[CentOS] how to debug hardware lockups?

Thu Nov 20 08:38:49 UTC 2008
John R Pierce <pierce at hogranch.com>

Rudi Ahlers wrote:
> This is when I realized that the Q9300 CPU could be too big a
> processor for the fan that I have installed.
>
> The fan that I have, is:
> http://www.dynatron-corp.com/products/cpucooler/cpucooler_model.asp?id=165
>
> So, it looks like it's not really made for a Q9300 CPU, although their
> specs say it is
>   

that fan says its for up to 135 watt CPUs, I don't think a q9300 is 
anywhere near that, so unless that heatsink fan is grossly under its 
speced capability, I dont think thats a problem.   Yeah, the Q9300 is 
95W max, and thats with all 4 cores running heavy math...

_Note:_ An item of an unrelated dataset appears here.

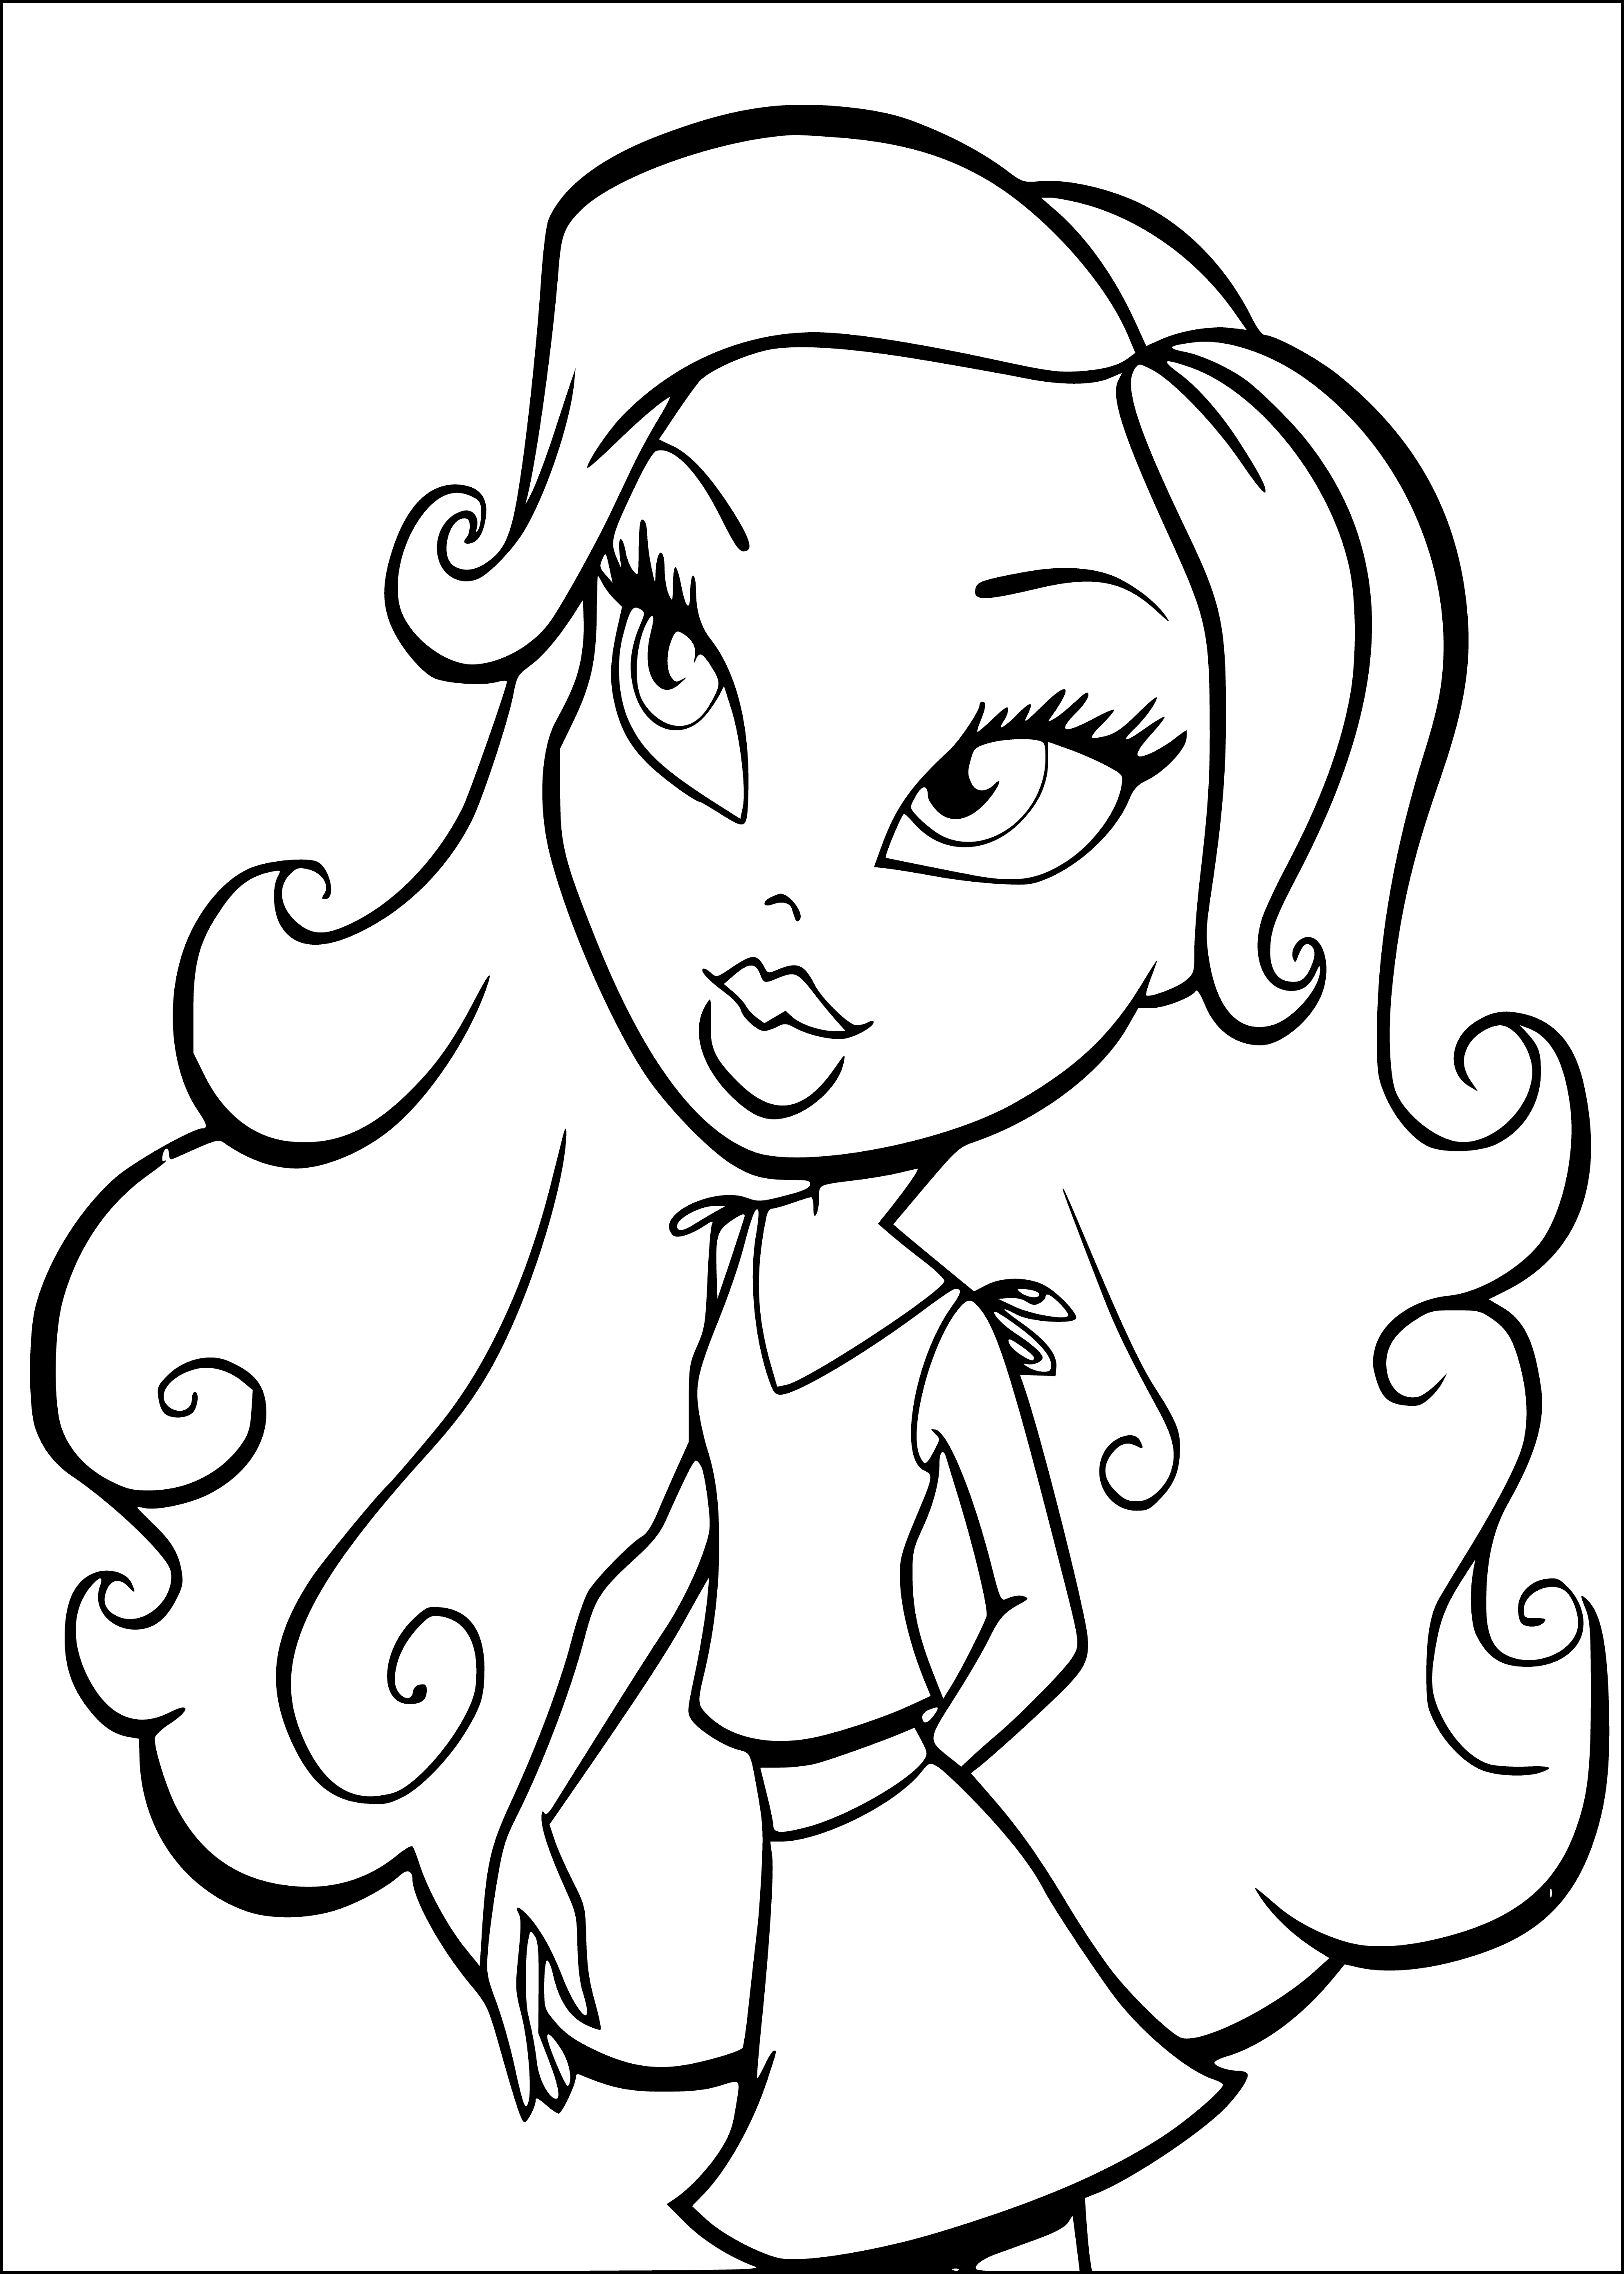 coloring page: The Bratz are four fashion- conscious BFFs: Cloe, Yasmin, Sasha and Jade, who love to express their individual styles and stay ahead of the fashion game! #stylegame

HOWEVER.  Intel desktop boards generally have a passive heatsink on the 
northbridge and expect the downdraft from a conventional CPU fan to cool 
said northbridge.  your 1U configuration might not be moving enough air 
past that northbridge.   I know on my DG33TL in a desktop minitower, the 
G33 northbridge runs pretty hot, and I had to arrange for some extra 
airflow past it since I used a 'tower cooler' which blew the air 
sideways rather than down.

I still think running four instances of mprime (from www.mersenne.org) 
each bound to a different cpu affinity (-a0, -a1, -a2, -a3) and running 
the 'torture test' overnight will tell you a lot.   do this with xen 
disabled, just the base system running at init 3.  any sort of 
computational or memory timing related glitch will show up as a numeric 
error and be logged by the program.